The impact of urbanization on local meteorology (e.g., surface temperature, PBL height, wind speed, etc.) in the Greater Seoul Area (GSA) was quantitatively evaluated based on a numerical modeling approach during a 1-month period of 2001 (9 Sep. through 8 Oct. 2001). The analysis was carried out by two sets of simulation scenarios: (1) with the global land use and topographic data from the U.S. Geological Survey (USGS) in 1990s (i.e., LU-USGS case) and (2) with the land use data from the Environmental Geographic Information System (EGIS) along with the 3 sec elevation data from the Shuttle Radar Topography Mission (SRTM) in 2000s (i.e., LU-EGIS case).
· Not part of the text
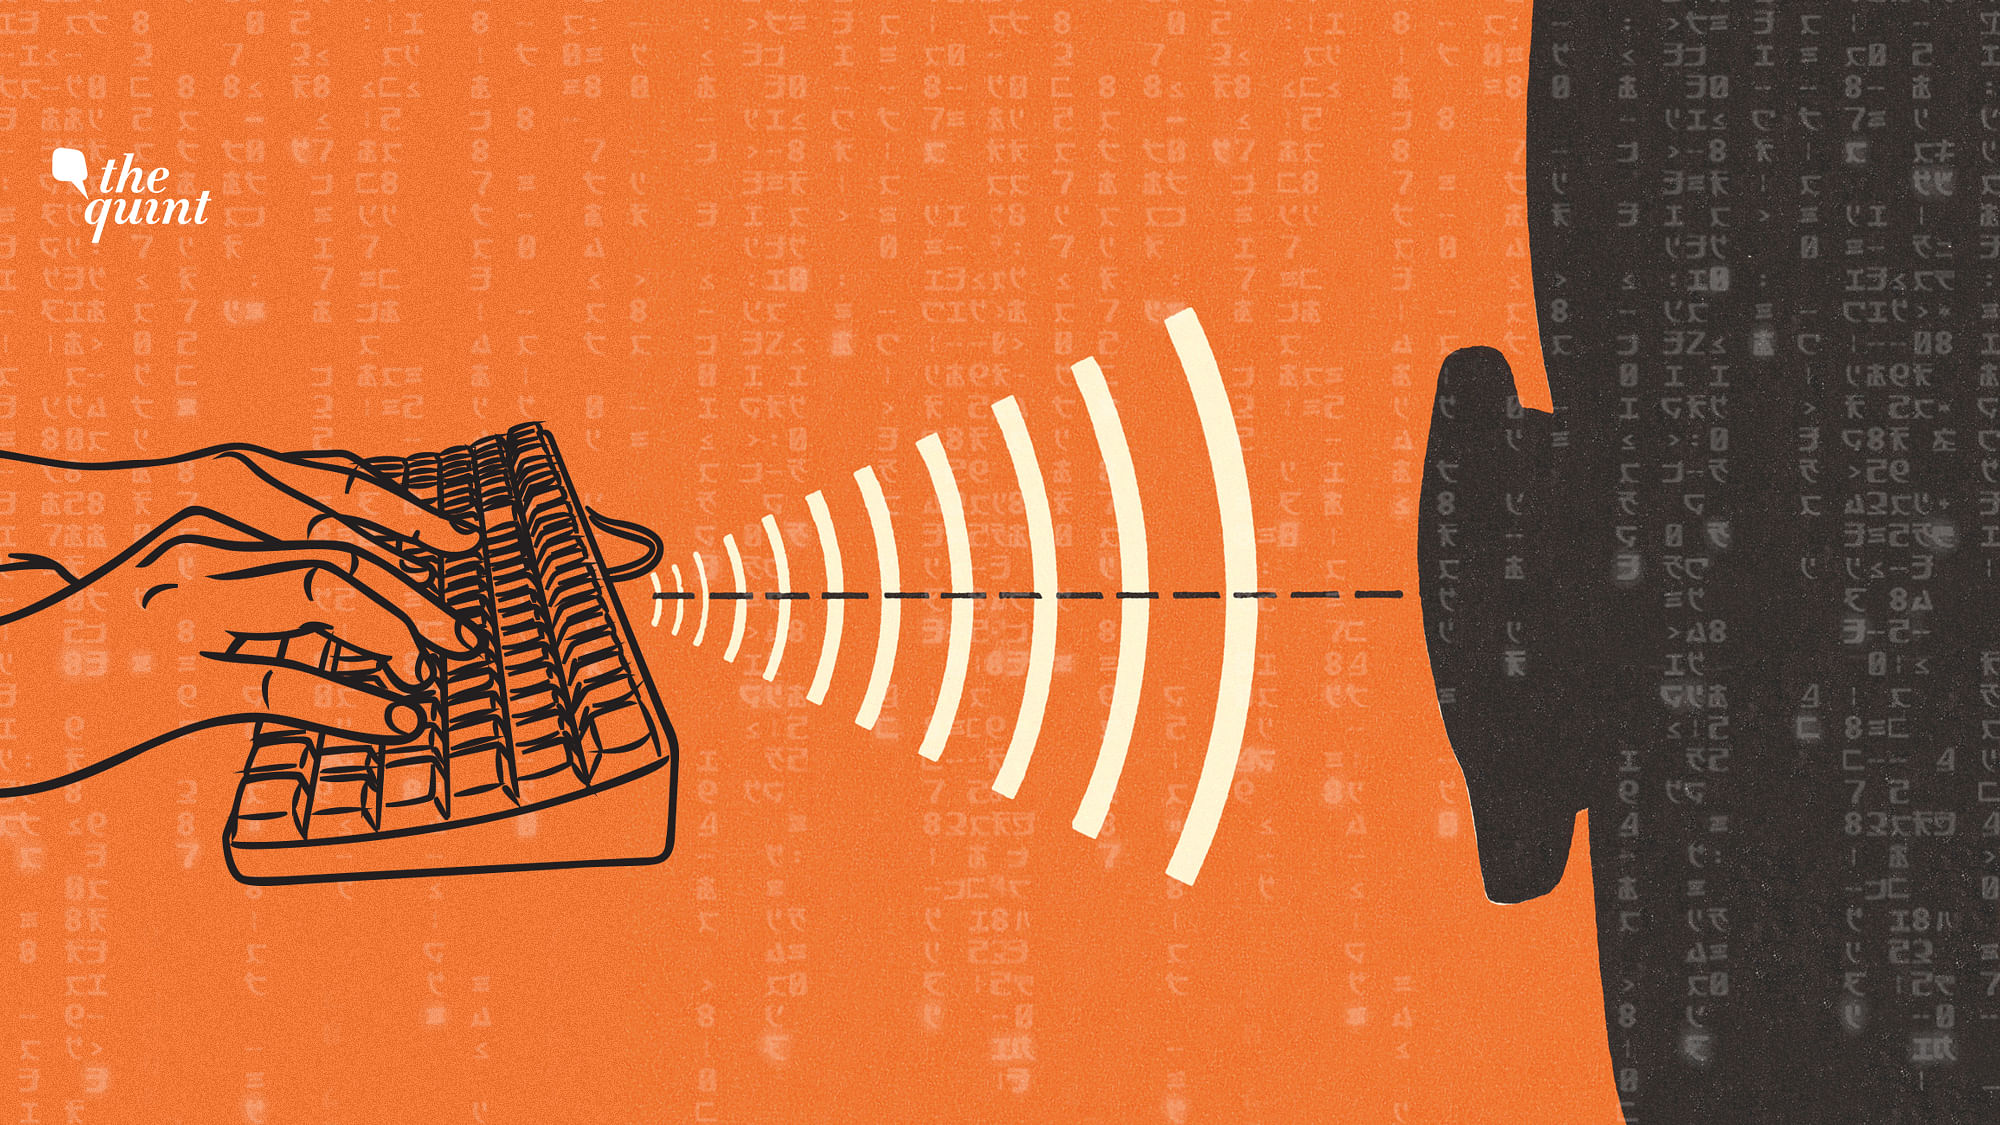 Hackers can listen to keystrokes and figure out text with 41 percent accuracy.

The extension of urban areas in the GSA (especially, the southern parts of Seoul) accounted for 1.8% in the LU-USGS case and 6.2% in the LU-EGIS case. For the simulations, the surface temperature and PBL height due to urbanization in the LU-EGIS case was higher (the differences of up to $0.1^{\circ}C$ and 36 m, respectively) than those in the LU-USGS case, whereas the wind speed (up to 0.3 $ms^{-1}$) in the former was lower than that in the latter at 1500 LST. The increase in surface temperature due to urbanization in the GSA (especially, the southern parts of Seoul) was led to the strong convergence of air masses, causing the early sea breeze and its rapid propagation to inland locations. In addition, the vertical mixing motion in the extended urban areas for the LU-EGIS case was predicted to be stronger than that for the LU-USGS case and vice versa for the original urban areas.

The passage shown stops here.